Melvenn s'effondre sur le sol terreux de la forêt, éreintée. Rompue de fatigue, elle tente vainement de se relever pour continuer à courir. Mais ses jambes ne lui obéissent plus. Dans ses efforts la jeune femme lève la tête, essaye d'ouvrir ses yeux au maximum, mais elle a perdu trop de force dans sa course, son crâne rencontre violemment le sol et Melvenn s'endort.

« Non ! » hurle-t-elle

Un cauchemar la sort de son sommeil. Sa tête lui fait mal et des larmes coulent sur ses joues.

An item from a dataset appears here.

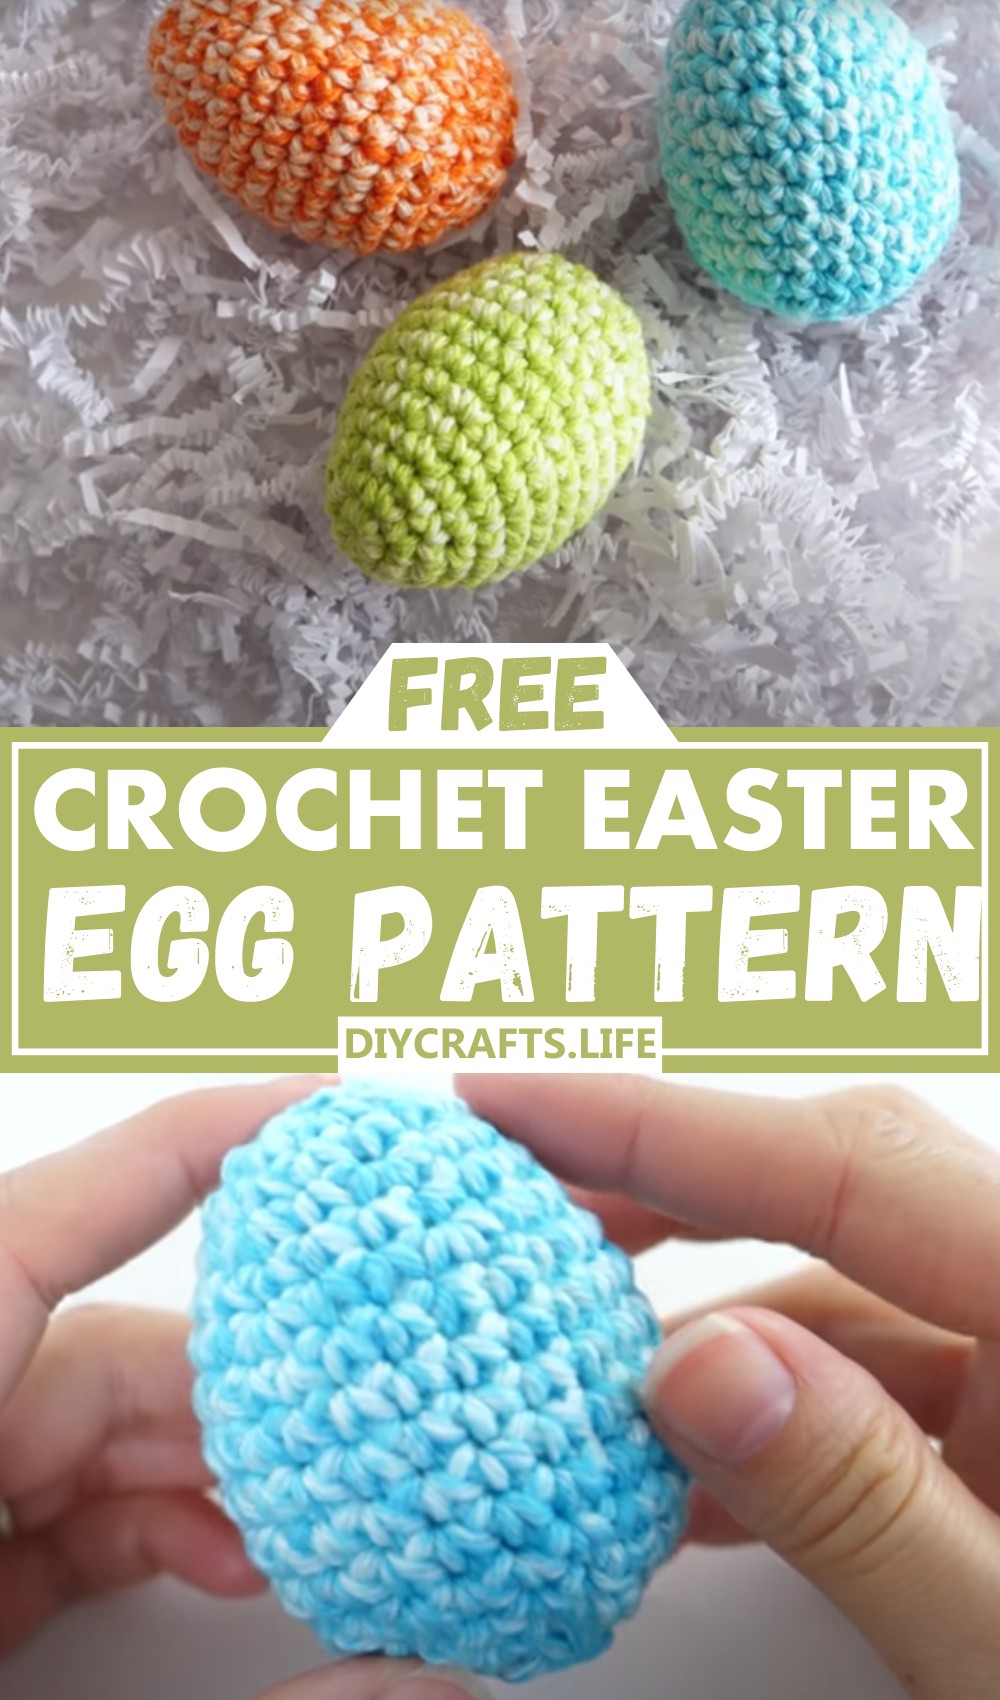 Crochet Egg Pattern For Easter

« Arend ... » murmure-t-elle au coeur de la nuit

Pendant que la jeune Tériantrophe dormait, les trois lunes s'étaient levées et entamaient déjà leur descente. Elle avait couru toute la journée jusqu'en fin d'après-midi. Melvenn avait sauté deux repas et son estomac le lui rappelle sans cesse par des grognements de protestations. Elle se redresse, tant bien que mal, et tente de reprendre ses esprits. Il fait sombre, même en se rappelant la forme et la couleur des fruits que rapportaient son meilleur ami elle ne les trouverait pas dans la pénombre. La jeune fille soupire et se laisse tomber sur le sol.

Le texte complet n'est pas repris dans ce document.